Historia bursztynu bałtyckiego
Dokładny wiek powstania bursztynu bałtyckiego nie jest znany, szacuje się, że był to okres sprzed 40 milionów lat. W tamtym okresie znaczną część Europy centralnej pokrywało płytkie morze, natomiast otaczające je lądy były porośnięte bujnymi lasami.
Żywica gromadziła się pod korą drzew oraz na jej powierzchni. Ta, która wypływała na zewnątrz pni, zastygała pod różnymi postaciami kropli i sopli. Żywica, która wypływała z drzew miała lepką konsystencję, w którą często wpadały owady, rośliny, czy krople wody. Takie zachowane w bursztynie ciała obce nazywane są inkluzjami. Kiedy drzewa obumierały, zawarta w nich żywica trafiała do gruntu, rzek i stopniowo ulegała różnym przemianom chemicznym i fizycznym. Pod wpływem tych wszystkich przemian, żywica twardniała i zamieniała się w bursztyn.

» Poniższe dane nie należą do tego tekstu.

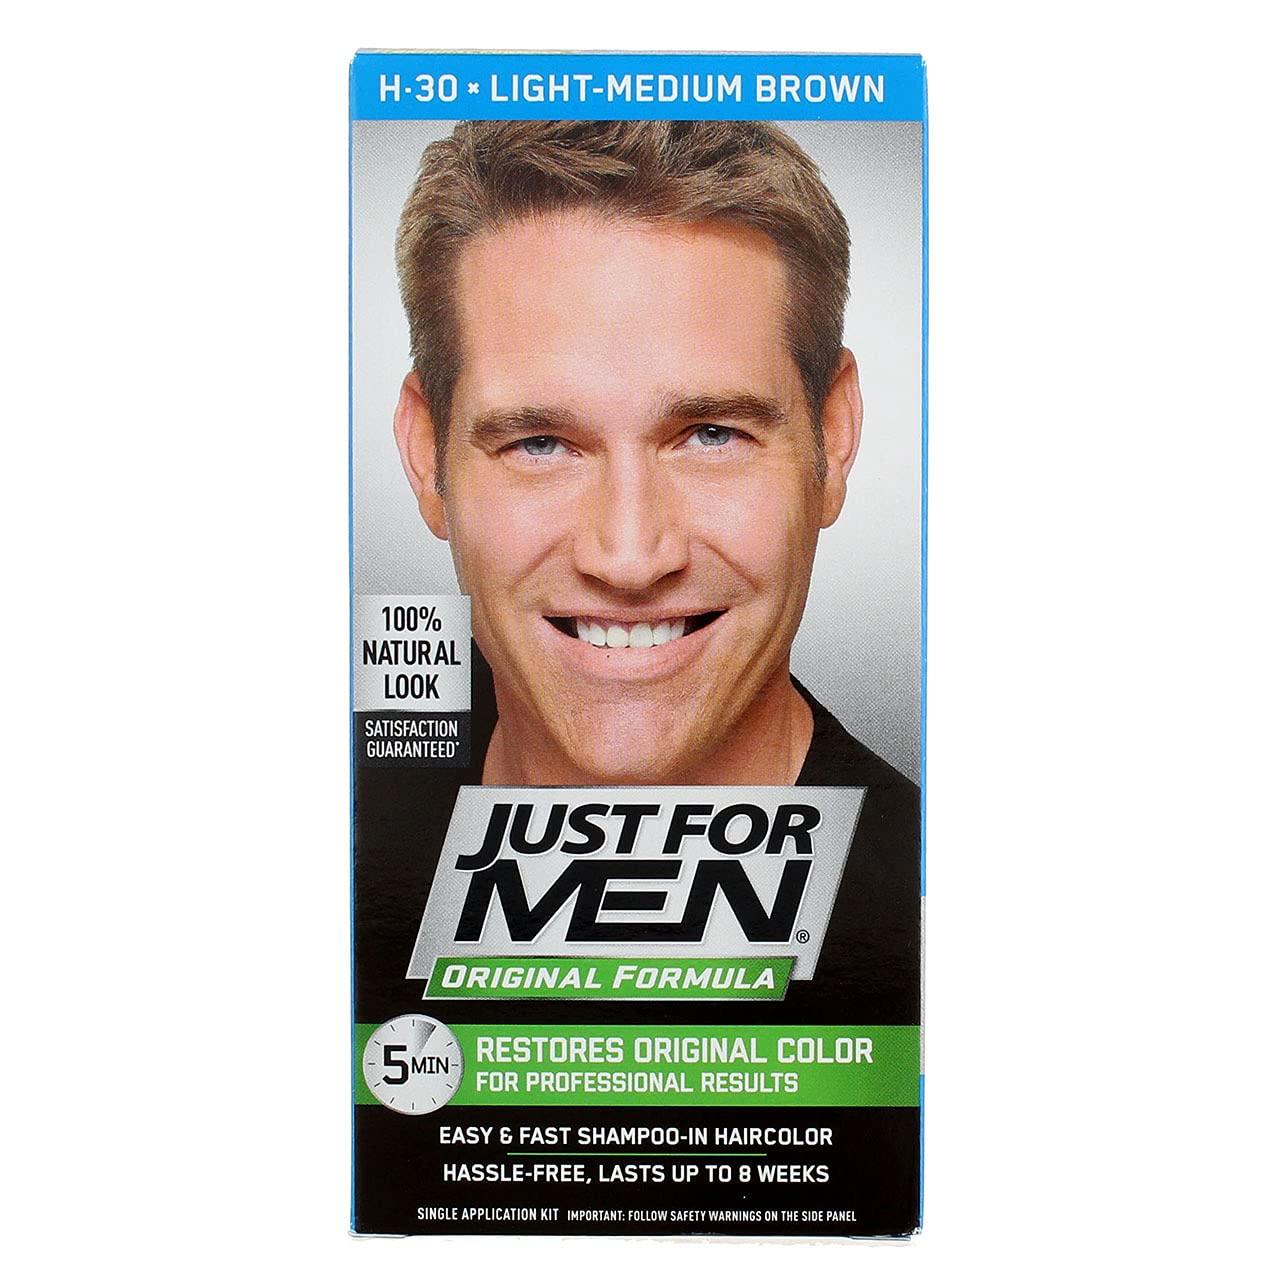 Just For Men Deluxe H-30 Light-Medium Brown of Pack 2 Haircolor 5 ☆ popular

Bursztyn bałtycki to skamieniała żywica drzew iglastych. Drzew, które pokrywały lądy obecnie zajmowane przez Morze Bałtyckie i obecną Skandynawię. Dlatego właśnie z podpalonego bursztynu bałtyckiego wydobywa się aromat lasu.
Bursztyn od zawsze był uważany za kamień magiczny. Wykorzystywany był i nadal jest nie tylko do celów zdobniczych i użytkowych, ale także leczniczych. Do dziś panuje przekonanie, że bursztyn bałtycki leczy wiele chorób.
Ciekawe jest to, że choć powstał ponad 40 milionów lat temu, nadal zachodzą w nim procesy twardnienia, dlatego też posiadany przez nas bursztyn z czasem może ściemnieć i nabrać wyrazistego koloru.
Istnieje również wiele legend na temat powstania bursztynu. Jedną z najbardziej znanych jest legenda o Juracie.
Dawno temu, na dnie Morza Bałtyckiego, wznosił się bursztynowy pałac. Mieszkała w nim Jurata (królowa Morza Bałtyckiego). Była władczynią wszystkich morskich stworzeń. Swoich podwodnych podwładnych otaczała miłością i troską. Jurata była dobra nie tylko dla stworzeń morskich, ale również dla ludzi. Szczególnie przychylna była rybakom, którym pozwalała łowić ryby żyjące w Bałtyku. Dobroć Juraty dla rybaków zakończyła się z chwilą, gdy dowiedziała się, że młody rybak codziennie zarzuca sieci i łowi ogromne ilości ryby. Królowa postanowiła ukarać rybak. Nakazała rusałkom oczarować rybaka swym śpiewem, zwabić go na głęboką wodę, a następnie utopić. Jednak plan Juraty zmienił się, gdy ujrzała młodego rybaka. Królowa zakochała się od pierwszego wejrzenia. Zakochani spotykali się każdego wieczoru nad brzegiem morza, niestety ich szczęście nie trwało długo. Zazdrosny o piękną Juratę, władca piorunów Perkun rozbił piorunem bursztynowy zamek i zabił królową. Zemsta dosięgła również rybaka, który został przykuty łańcuchami do podmorskiej skały. Mówi się, że gdy na Bałtyku szaleje sztorm to wiatr niesie ku lądowi jęki rybaka, a fale wyrzucają na brzeg kawałki bursztynu (szczątki pałacu Juraty).